Tuesday, May 10, 2011

Remembering your life

Lately I've been thinking about the general, so-called "dominant" culture as something of a disaster for interpersonal relations. It reflects many different kinds of inequality; many different kinds of "dominance." Whatever isn't dominant is less valued. For example, a lot of the self-expression we see in forums like Facebook are links to corporate material, because that gets far more social promotion than personal self-expression. Personal self-expression is less valued in and of itself; and this in turn leaves fewer opportunities within daily life in which to pursue it, to develop it as a craft. While there is certainly a value placed on personal self-expression once it reaches certain degree of sophistication, the problem for most of us has to do with getting to that point.
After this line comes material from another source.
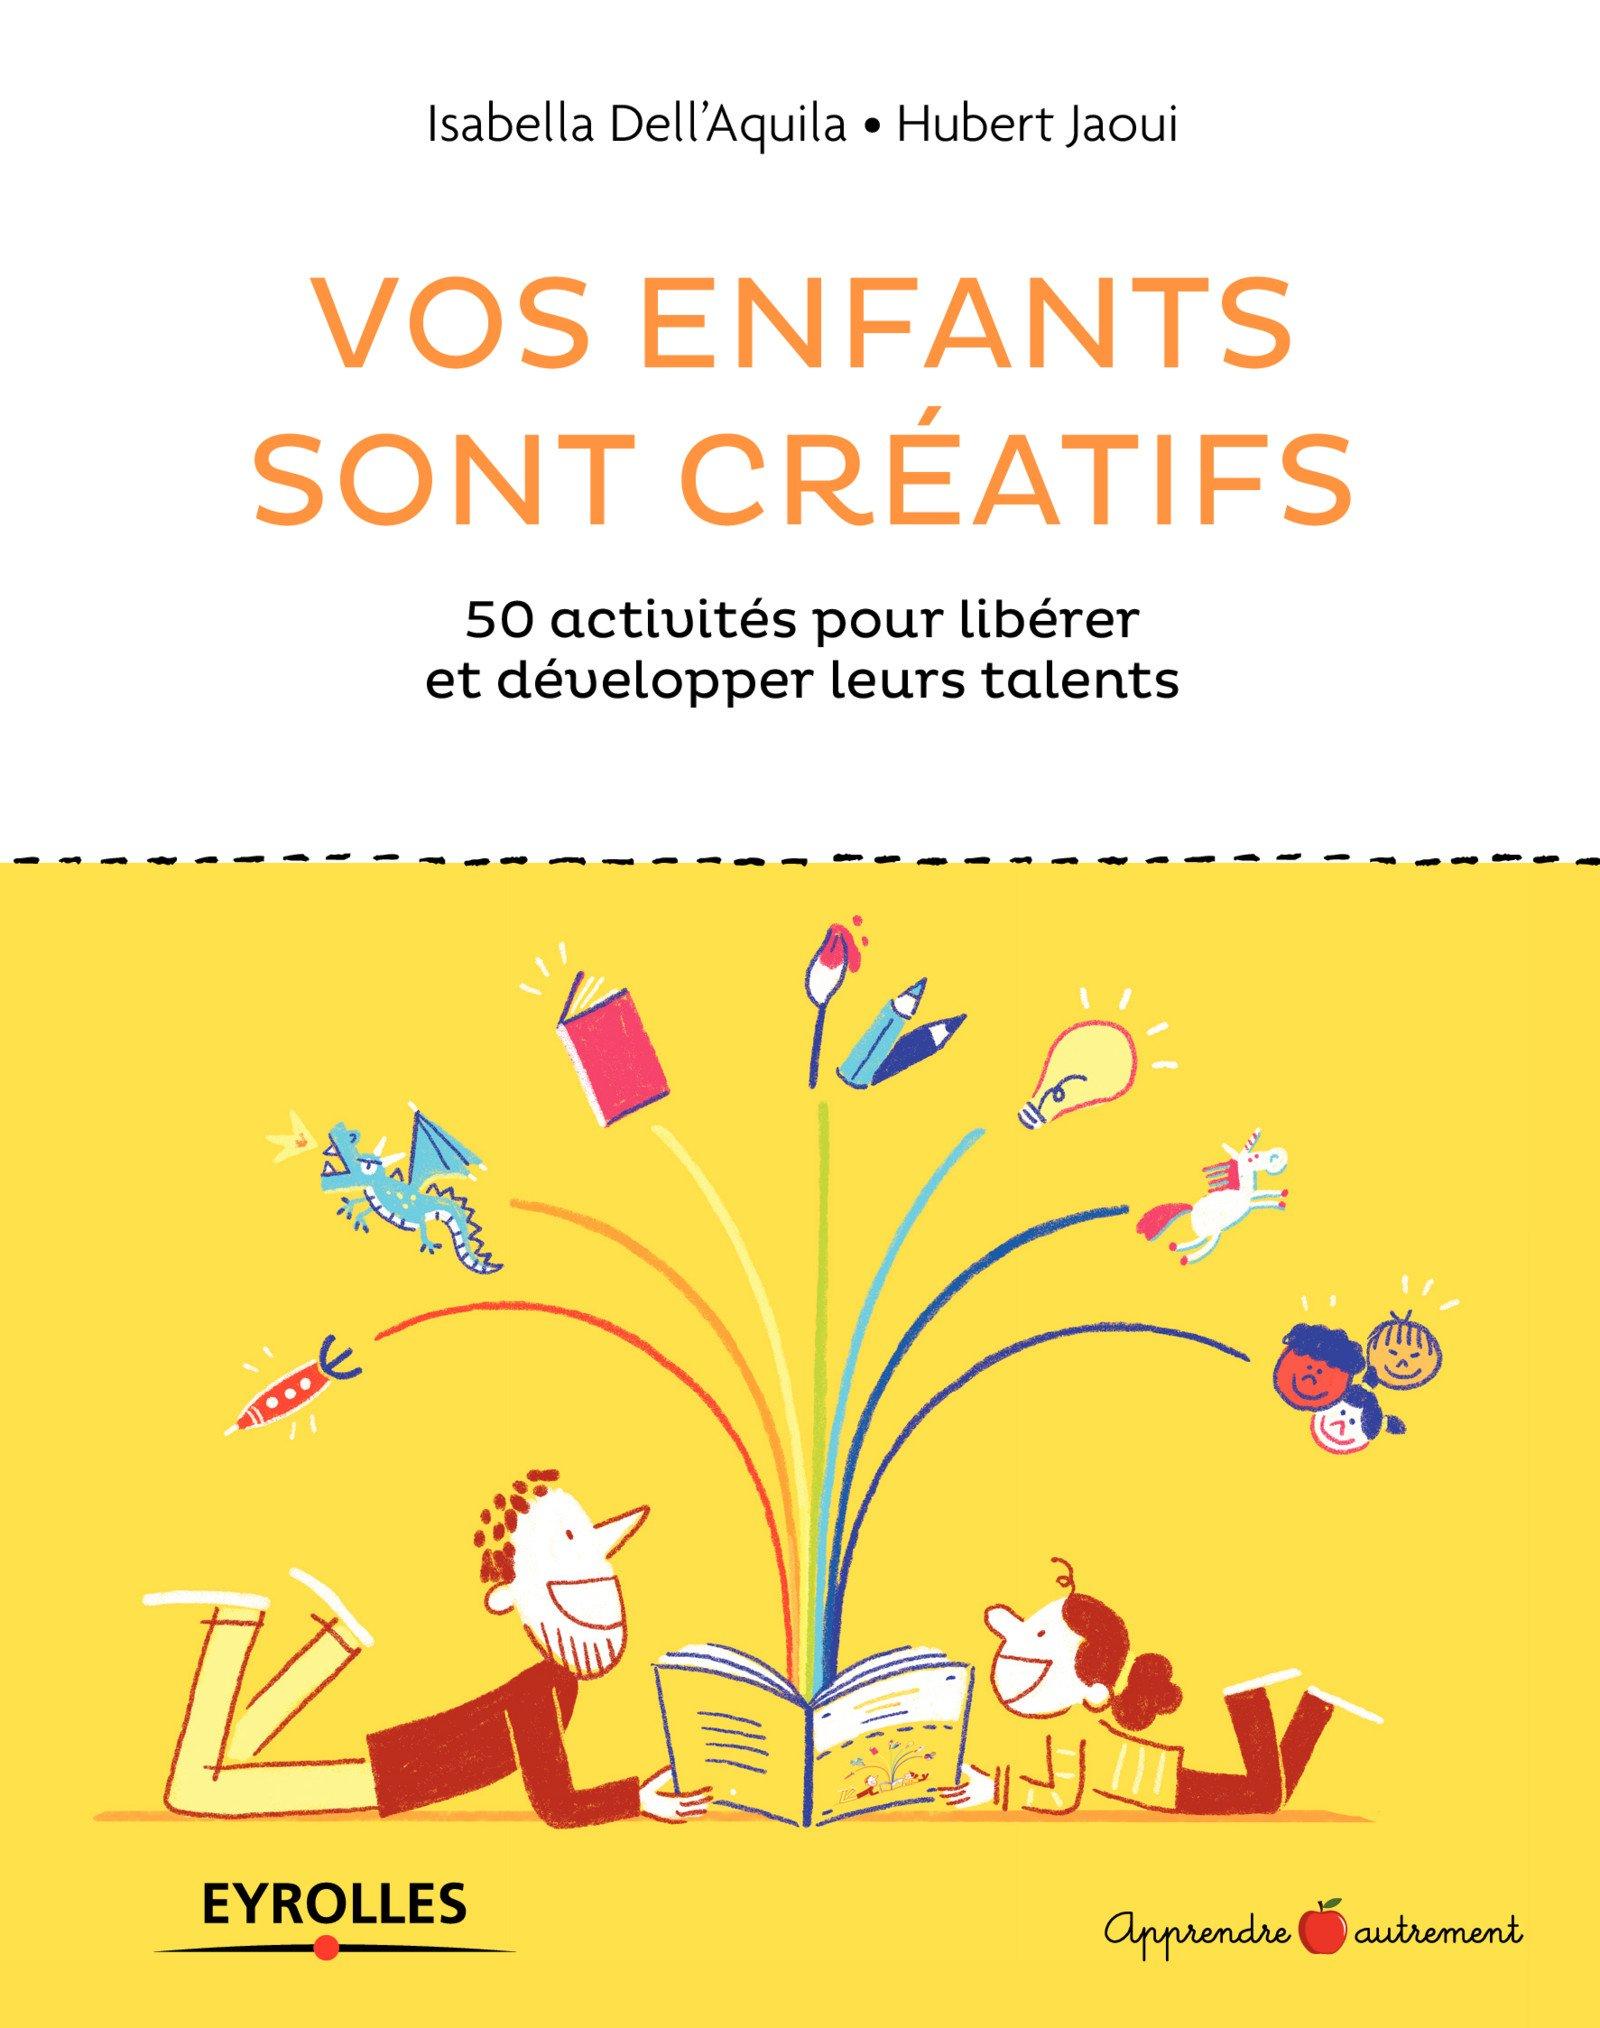 vos enfants sont créatifs livre créativité enfants

When personal self-expression takes a back seat to deciding whether "you" are a PC or a Mac, and relationships are formed around this basis, the end result is that we don't learn very much about each other, because we aren't referencing anything significant about ourselves. In my experience, this is just a fundamental problem of being in today's world: you can have a conversation with a total stranger yet already know the broad outlines of what they are going to say, because we're all saying the same things all of the time, whether induced by the news cycle or the rote repetition of the working day -- or by our responses to them. One reason why I've always appreciated funerals, and the "interruption" of death itself, is that it clarifies what is fundamentally important to people like a thunderbolt. No bullshit stands in the face of death -- how many things can be credited with that? The interposition of mortality into a dead routine becomes a reminder of life itself.

5 comments:

Jack Crow said...

If you think no bullshit gets in the way of death, perhaps you've never been to a Catholic funeral?

drip said...

I'm at an age when the preceding generation is fading away and I've been to a few too many funerals lately and heard too many cliched half-truths to think that what people say at them is too far off the well worn paths of typical social intercourse. Maybe the lives of your friends and loved ones bear the weight of honest evaluations better than mine do. On the other hand, my mother has made it clear that I am not to deliver her eulogy. It is not clear whether she thinks I'd be too honest or too funny, but there it is.

As for your real point, Our collective inability to discern the real from the canned is a major cultural weakness and it is becoming more firmly entrenched everyday as a result of an ever-increasing lack of critical thinking skills which are not taught at school and are discouraged if not forbidden in the workplace. There is also strong social pressure not to pull back the curtain and ask "What is that man doing?" But I plug away, wondering why, for example, people criticize all of the Tea Partier's questions, when some seem to me to be quite good. The answers they give aren't so hot in my view, but at least they see that something is going on behind that curtain.

Anonymous said...

Tragedy of any sort "interrupts" the normal, corporate proceedings of life--if you allow it. I recently had someone close to me leave an abusive marriage, and the revelation that the marriage was abusive shocked a lot of people in our broader social circle. The subsequent responses were instructive, and essentially two: those who learned the whole story and altered their relationships and outlooks accordingly, and those who placed a limit on what they wanted to know. In a sense, the latter category felt too comfortable in the dominant culture (which denies the extent of abuse in this country) to let anything disturb it, and so they entered into a kind of denial. They reinforced the wall of bullshit around themselves; they closed their ears to the thunderbolt. It's a very easy thing for them to do, and a disheartening thing to witness.

Karl Franz Ochstradt said...

Although public figures aren't the best measure of the impact of death, the recent flurry of fabrication and furor over the "threat" that was (sic) Osama bin Laden suggests that in death, some find opportunity to disparage the dead for personal gain. And I'm not so sure that's limited to public figures... as drip observes, as Jack observes.

However, the general message of the post is solid, apart from those tiny quibbles just mentioned, which don't take away from the general message really.